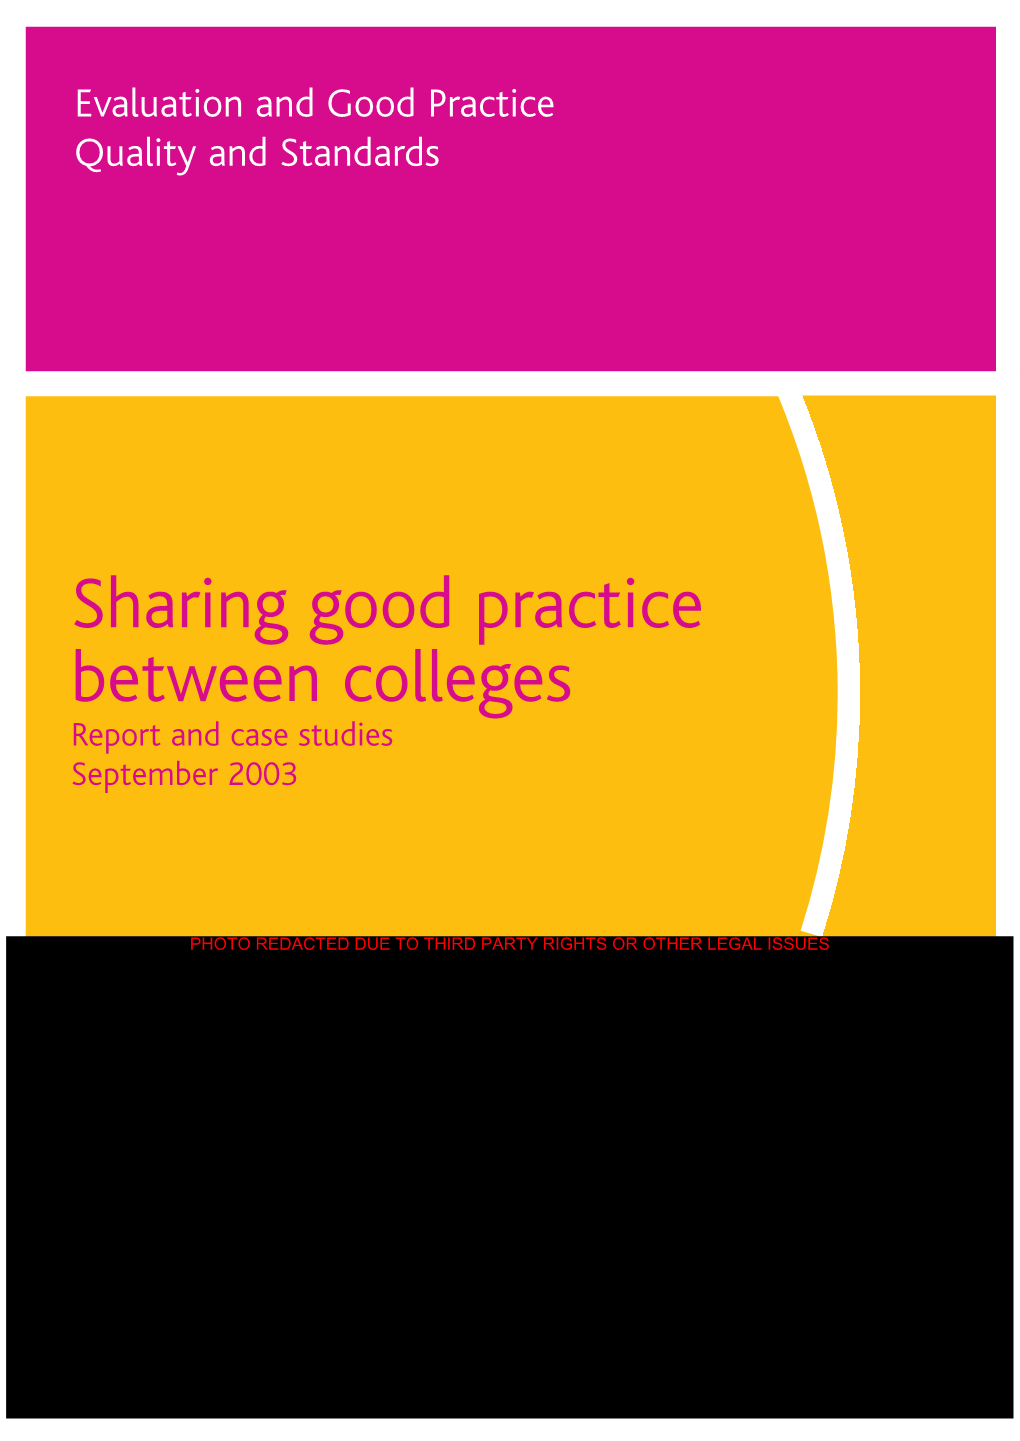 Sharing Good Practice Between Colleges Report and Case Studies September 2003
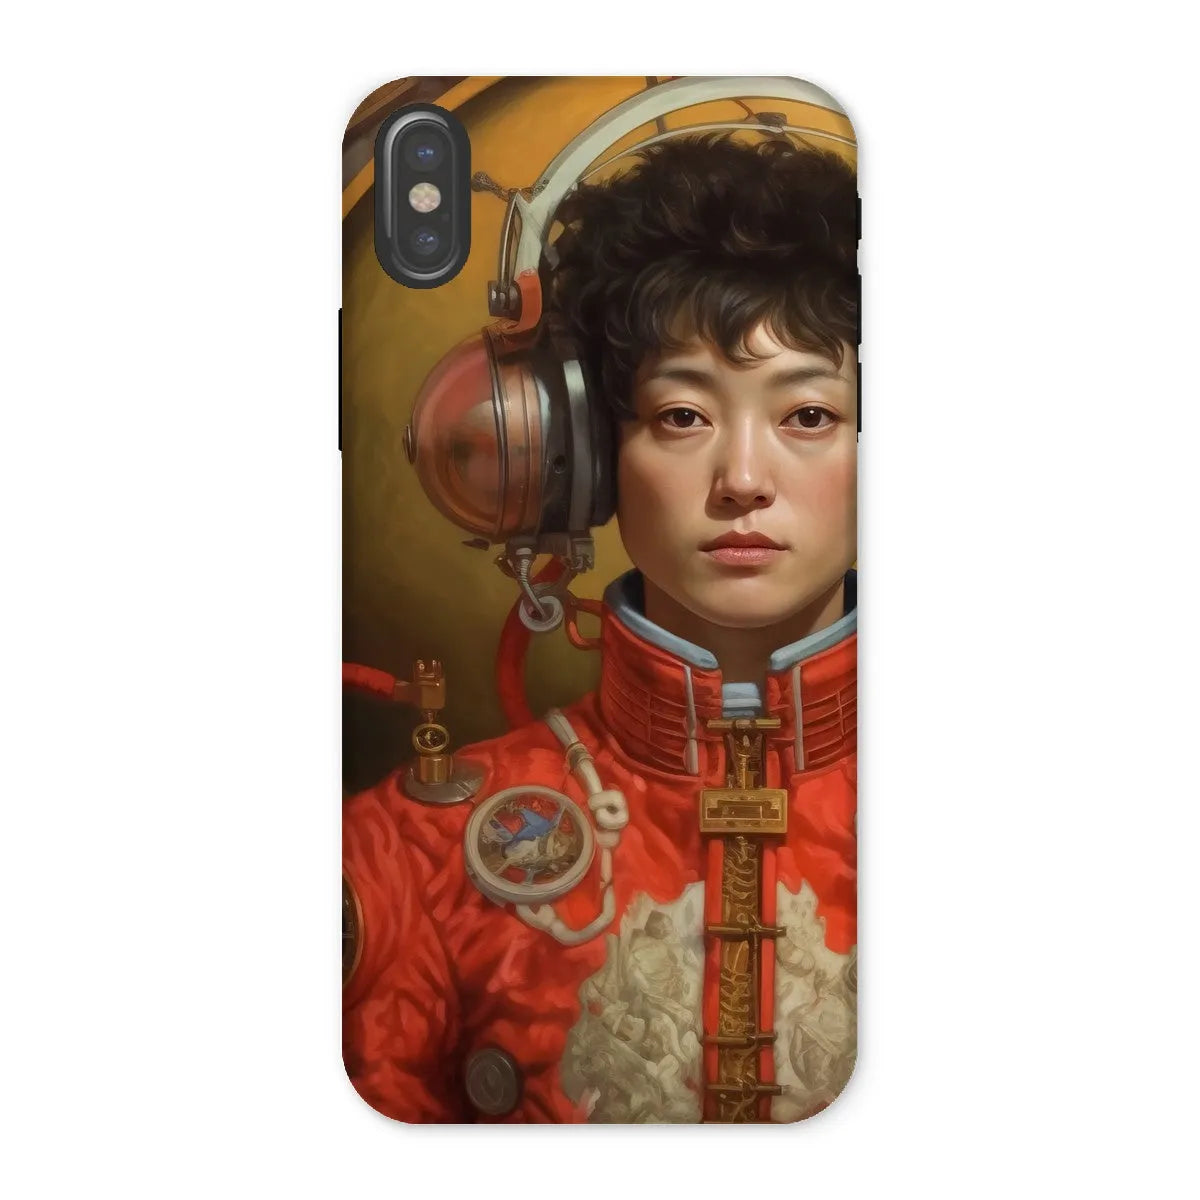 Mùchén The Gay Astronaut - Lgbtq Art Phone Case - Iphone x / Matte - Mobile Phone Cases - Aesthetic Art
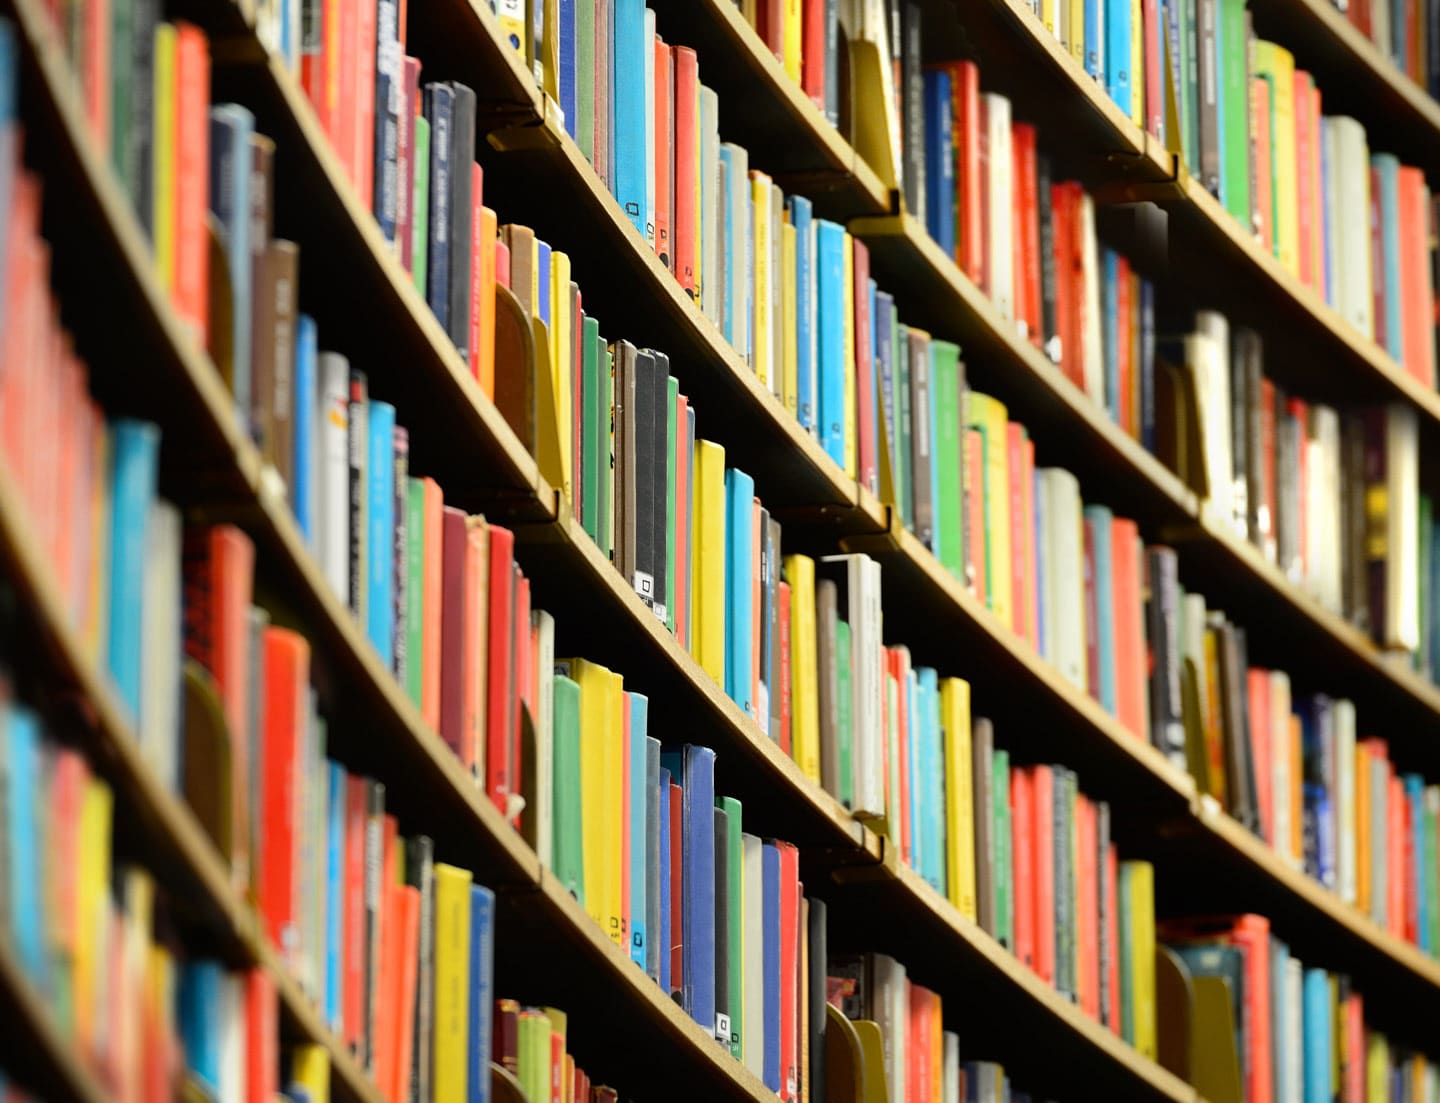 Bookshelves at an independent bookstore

▸ **ABOUT THIS EXERCISE**
Your output should be the lines from the one with "Mùchén The Gay" through the end of the listing, copied exactly and with the pictures left out.

▸ **YOUR SOLUTION**
 Mùchén The Gay Astronaut - Lgbtq Art Phone Case - Iphone x / Matte - Mobile Phone Cases - Aesthetic Art
 Bookshelves at an independent bookstore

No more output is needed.